I can understand your concerns with that dealership, I'd be looking for another one.*


----------



## noz34me (Dec 15, 2005)

The problem is just not enough GTO's for dealerships to service, hence not much experience with the problems.

I was apprehensive about going in for an oil change- - -talked to the Pontiac service manager at this dealership and he said they had "3 or so" GTO's they had serviced.

When I got there, we talked some more, and asked about what problems he had seen. He said they replaced the rear end in one, and in his words "The guy came in with all sorts of paperwork, the TSB, etc, and all I had to do was order the rear end!"

Not sure what the result would have been if the person didn't have that paperwork. You need to find, and document all you can.


----------



## anmracing (Feb 9, 2005)

What dealer did you go to?
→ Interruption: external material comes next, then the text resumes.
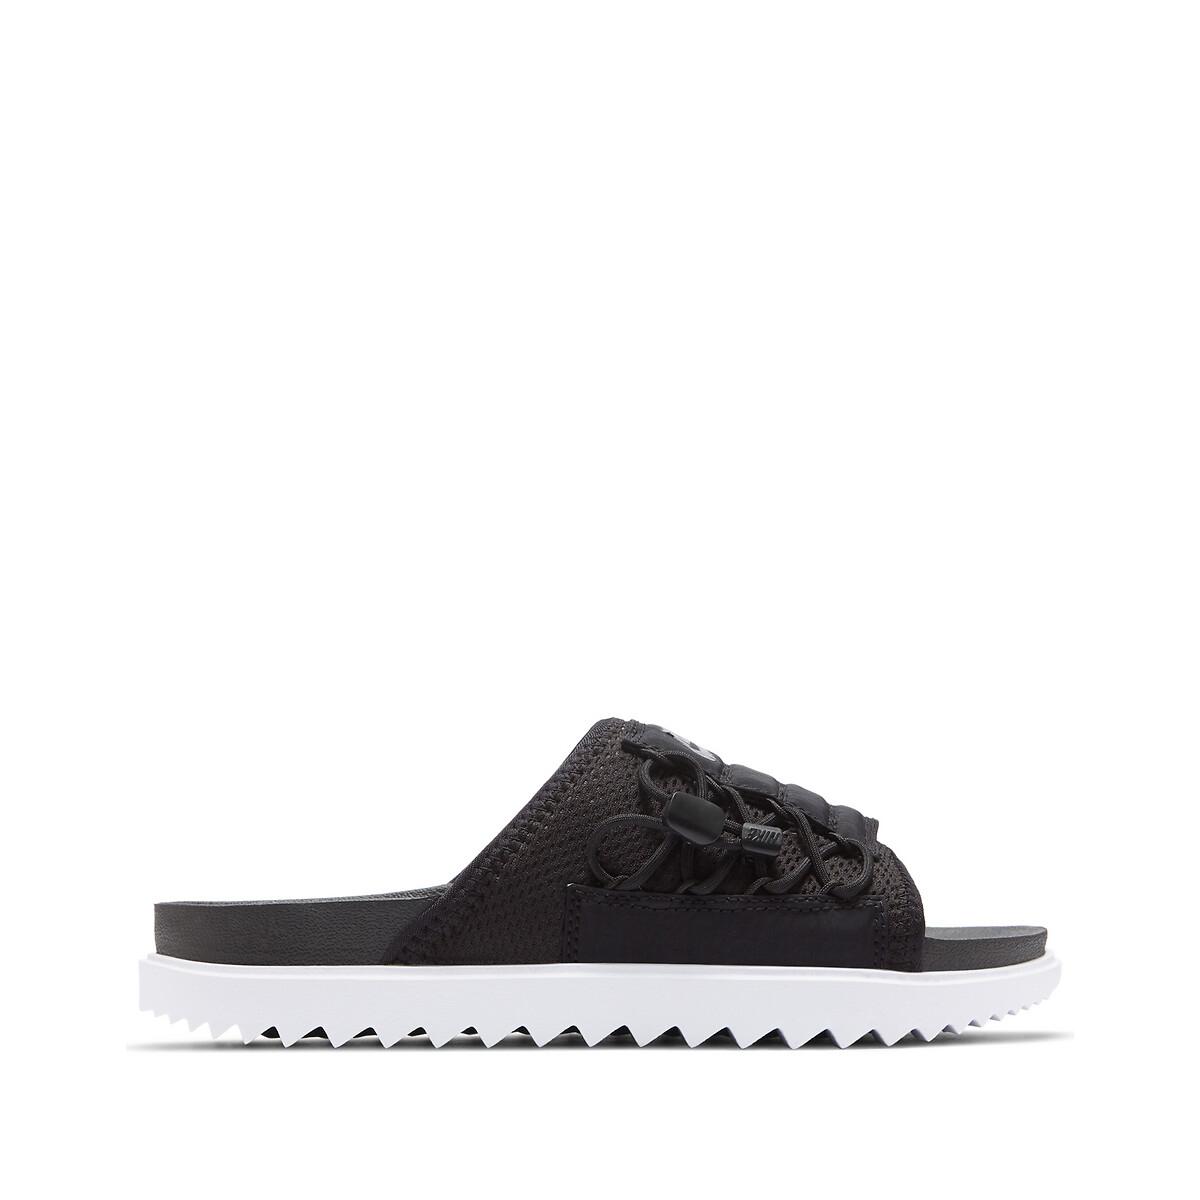 Nike Asuna Slippers Dames Black/White/Anthracite Dames online kopen
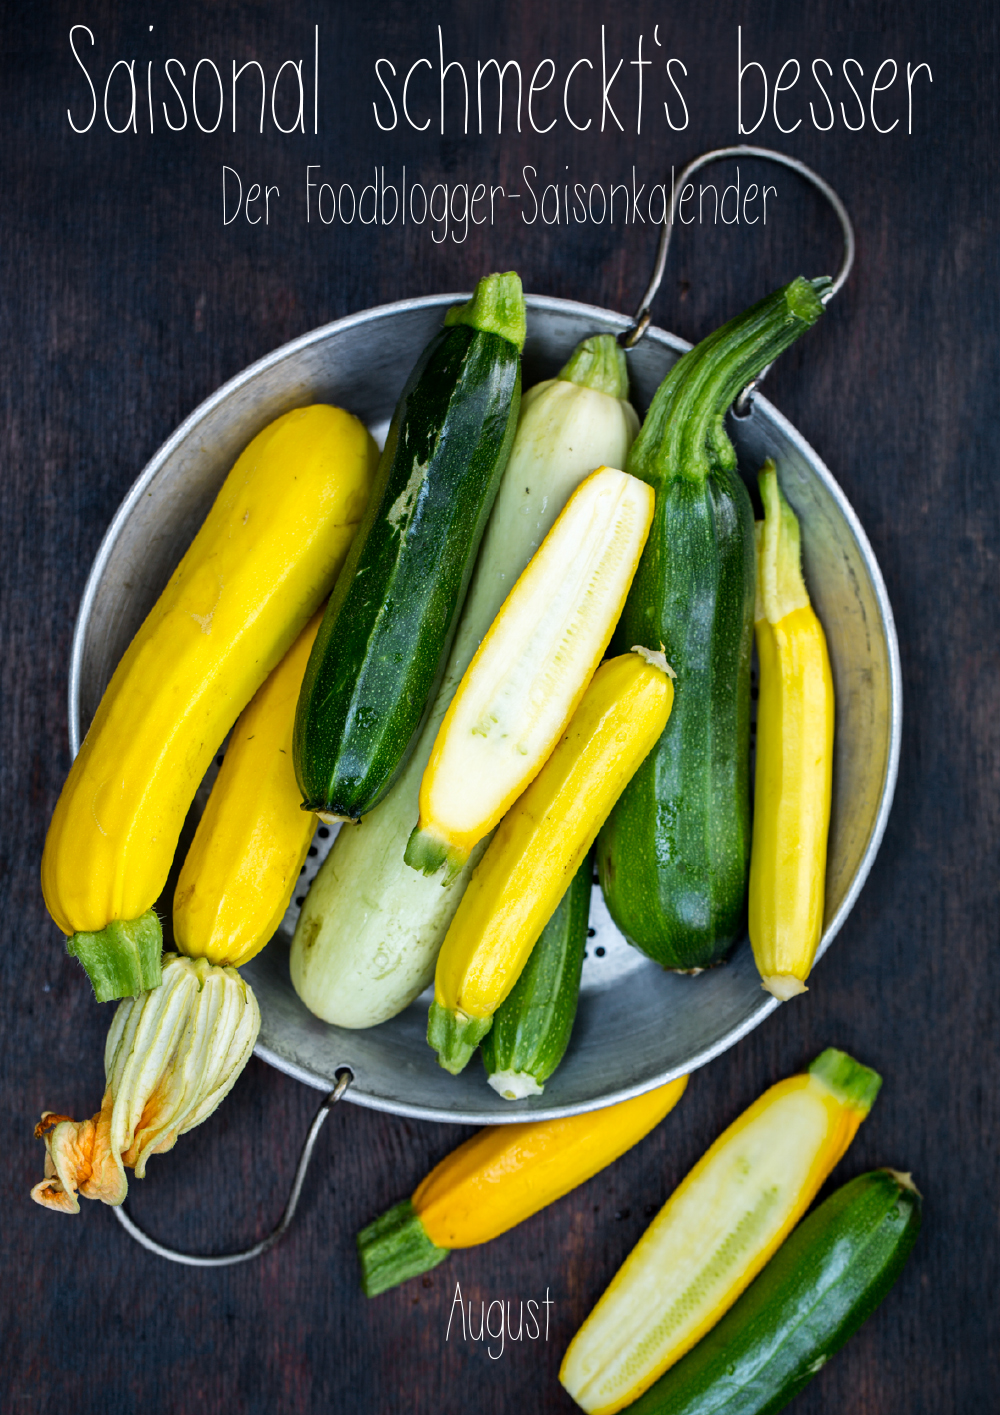 Saisonal-schmeckts-besser-august

Just wondering cause I had an issue (not with the diff) with the dealer on Hayden and Frank Lloyd Wright.


----------



## Justice (Oct 9, 2005)

Showcase Pontiac (14th St & Camelback), Glendale Pontiac (45th Ave & Glendale), and Yates Pontiac (Litchfield & the I-10). Yates was the one that voided the warranty. Glendale is the one that actually took the time to listen to what I said was wrong. Showcase gave me other headaches.


----------